▶ _INSTRUCTIONS TO FOLLOW_: Exactly the lines below from the one with "Diamond Tahitian Pearl" up to and including the one with "Multi-Layer Leather Magnetic" make up the answer, with nothing else added.
:: DATASET RECORDS ::
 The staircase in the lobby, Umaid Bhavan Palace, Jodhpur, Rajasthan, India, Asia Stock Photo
:::
:: DATASET RECORDS ::
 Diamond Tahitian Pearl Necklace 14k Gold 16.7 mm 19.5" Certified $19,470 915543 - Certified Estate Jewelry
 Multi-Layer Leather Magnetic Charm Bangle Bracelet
:::
:: DATASET RECORDS ::
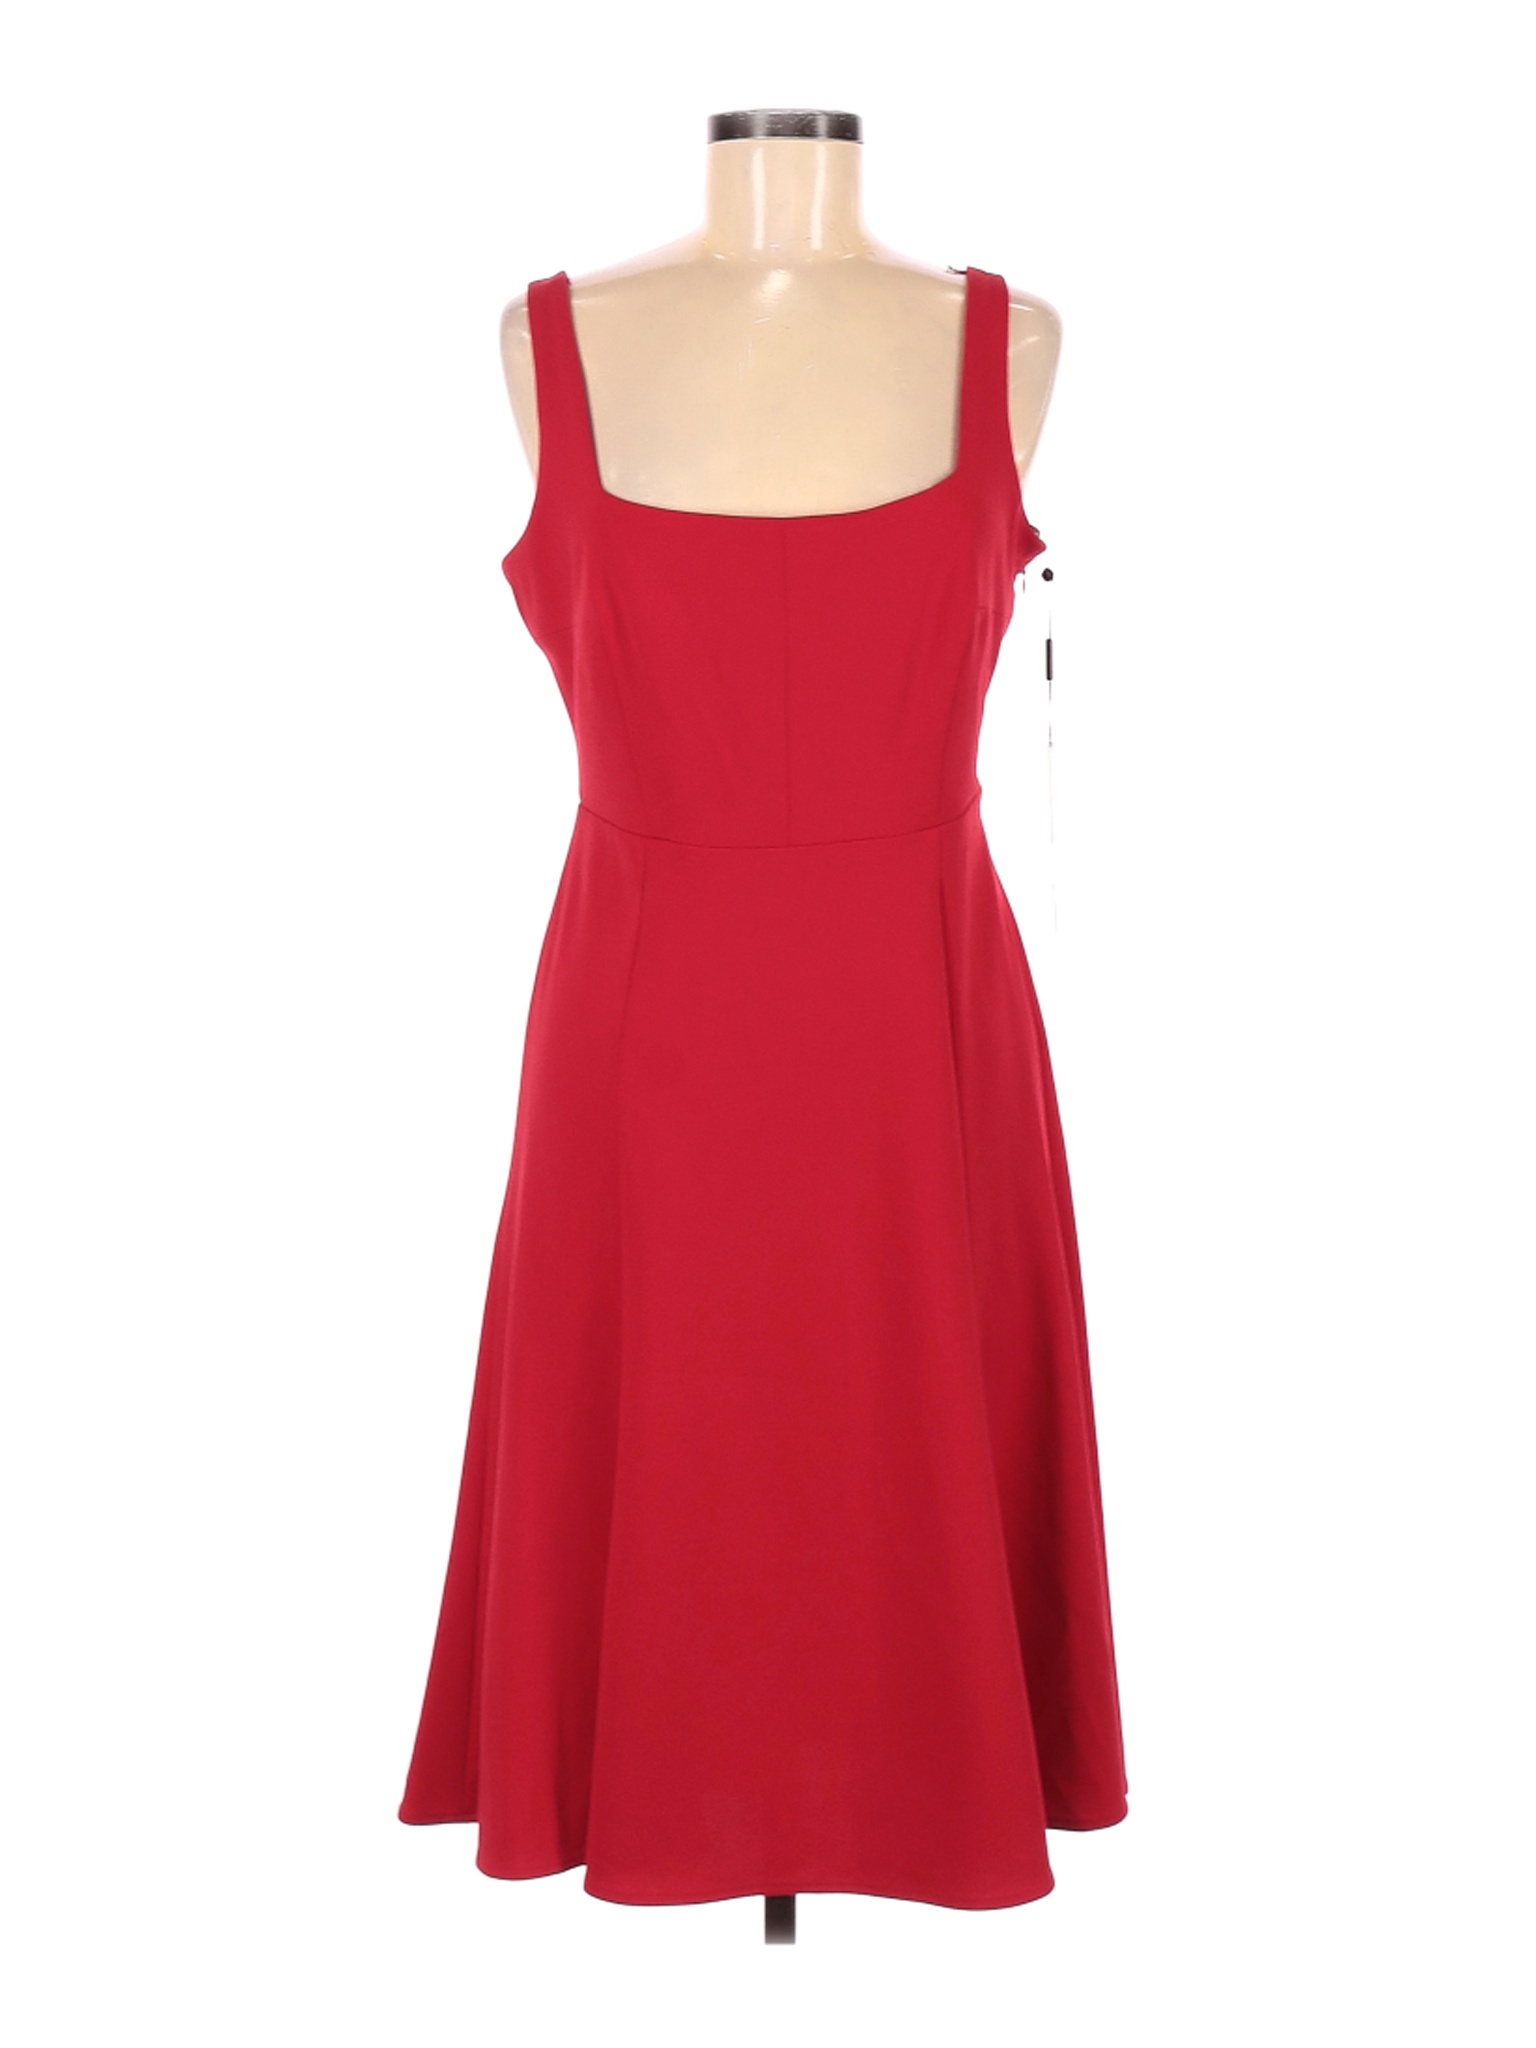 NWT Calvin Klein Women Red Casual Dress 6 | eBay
:::
▶ _THE ANSWER_:
 Diamond Tahitian Pearl Necklace 14k Gold 16.7 mm 19.5" Certified $19,470 915543 - Certified Estate Jewelry
 Multi-Layer Leather Magnetic Charm Bangle Bracelet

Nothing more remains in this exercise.